Try it> A word-for-word copy of the listing is what's needed; leave out every image.

Exercise data>
Segment Open

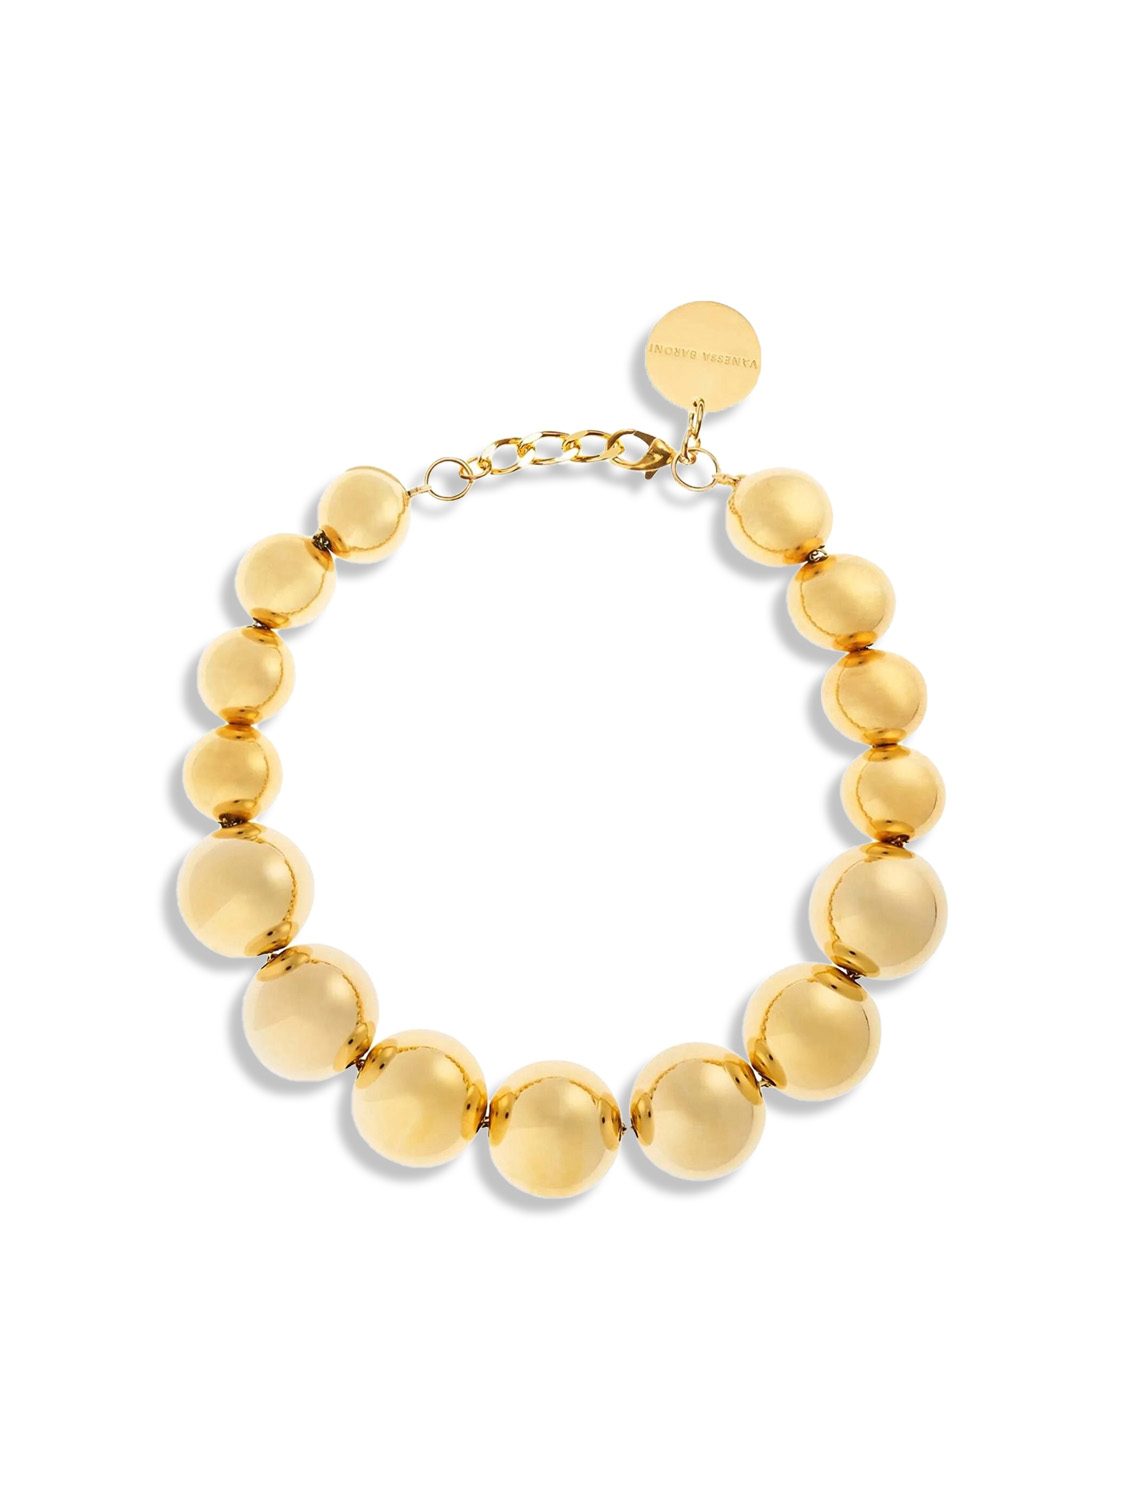 Beads - chain in ball design
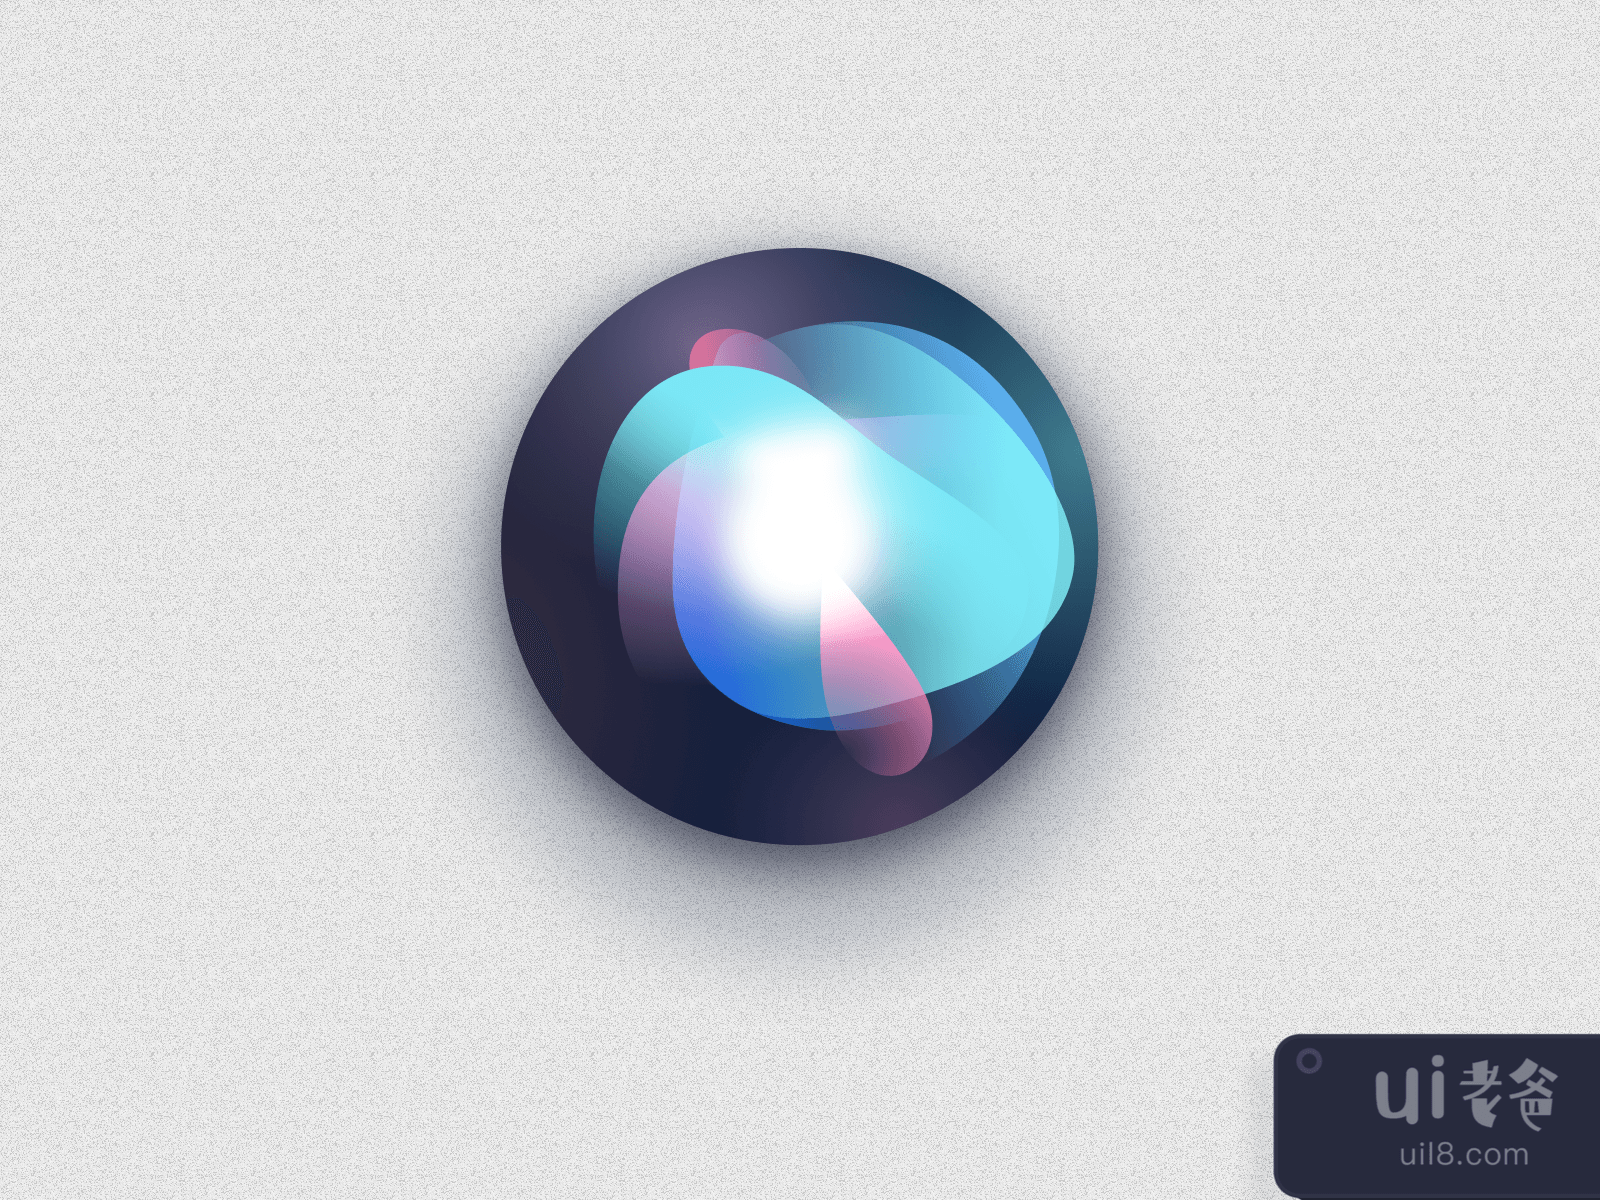 iOS 14 Siri Icon for Figma and Adobe XD No 2
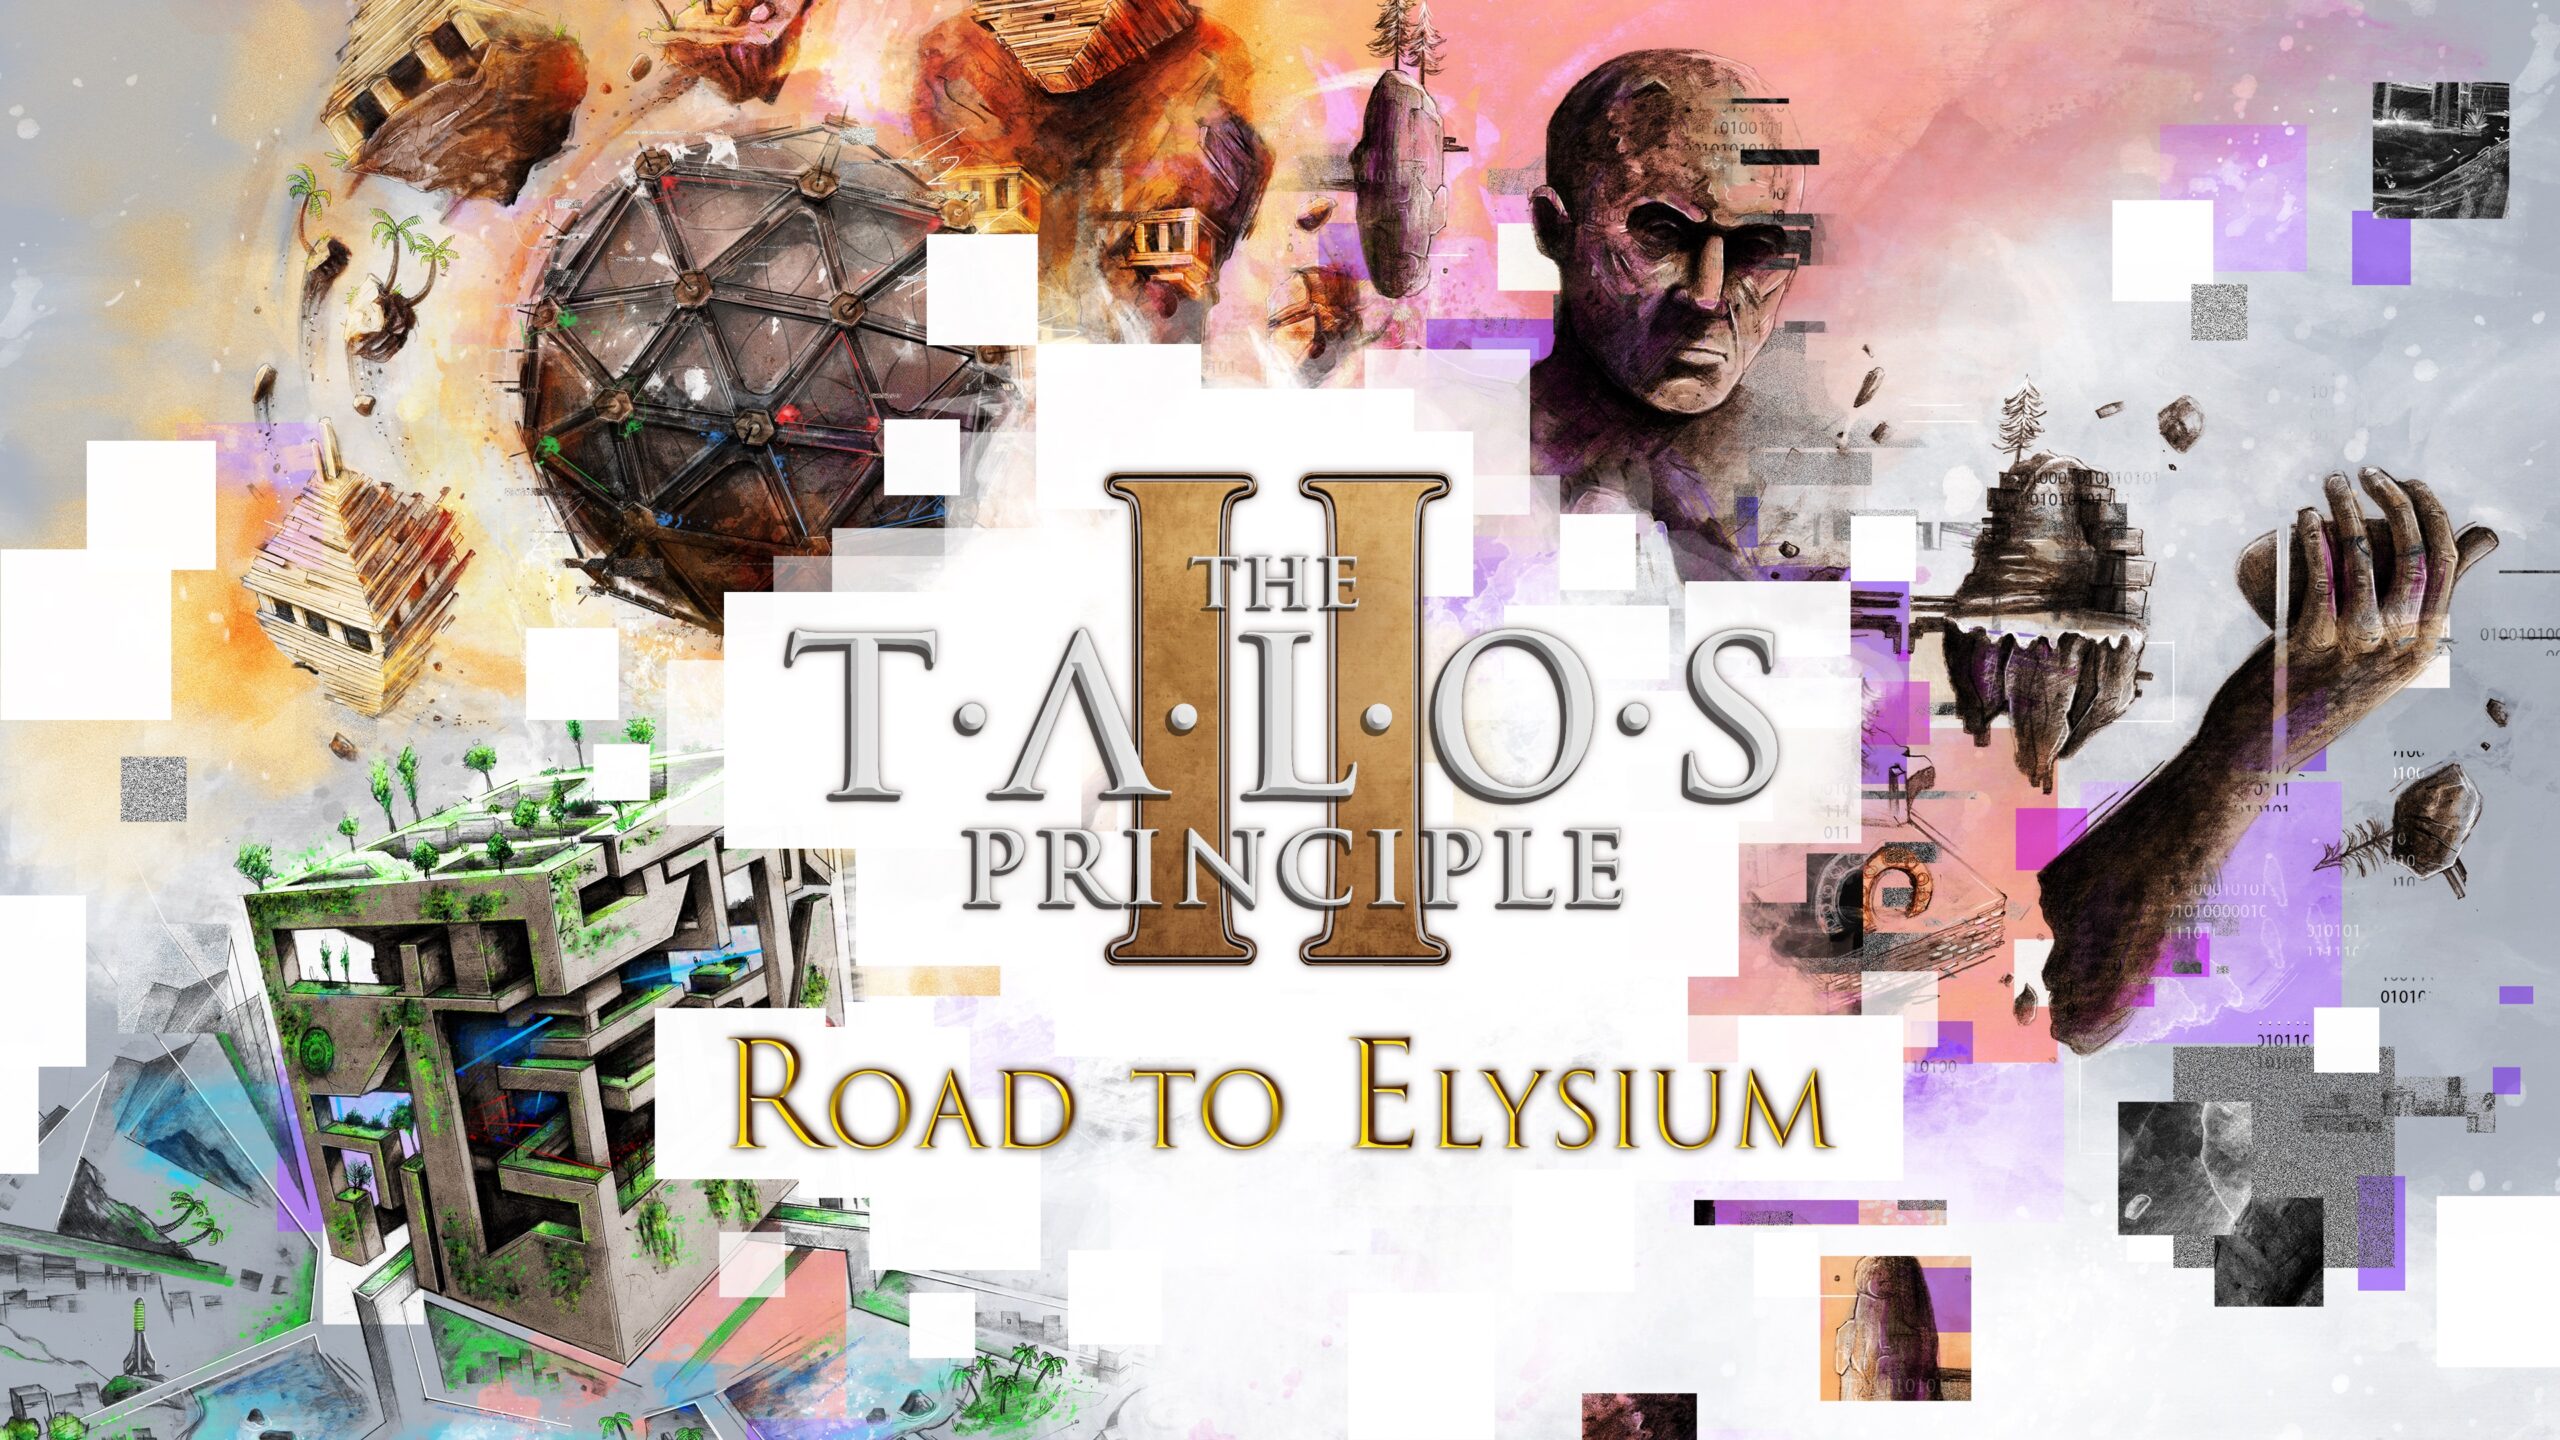 talos principle 2 road to elysium featured image

Segment Closed

Response to the task>
 Beads - chain in ball design
 iOS 14 Siri Icon for Figma and Adobe XD No 2
 talos principle 2 road to elysium featured image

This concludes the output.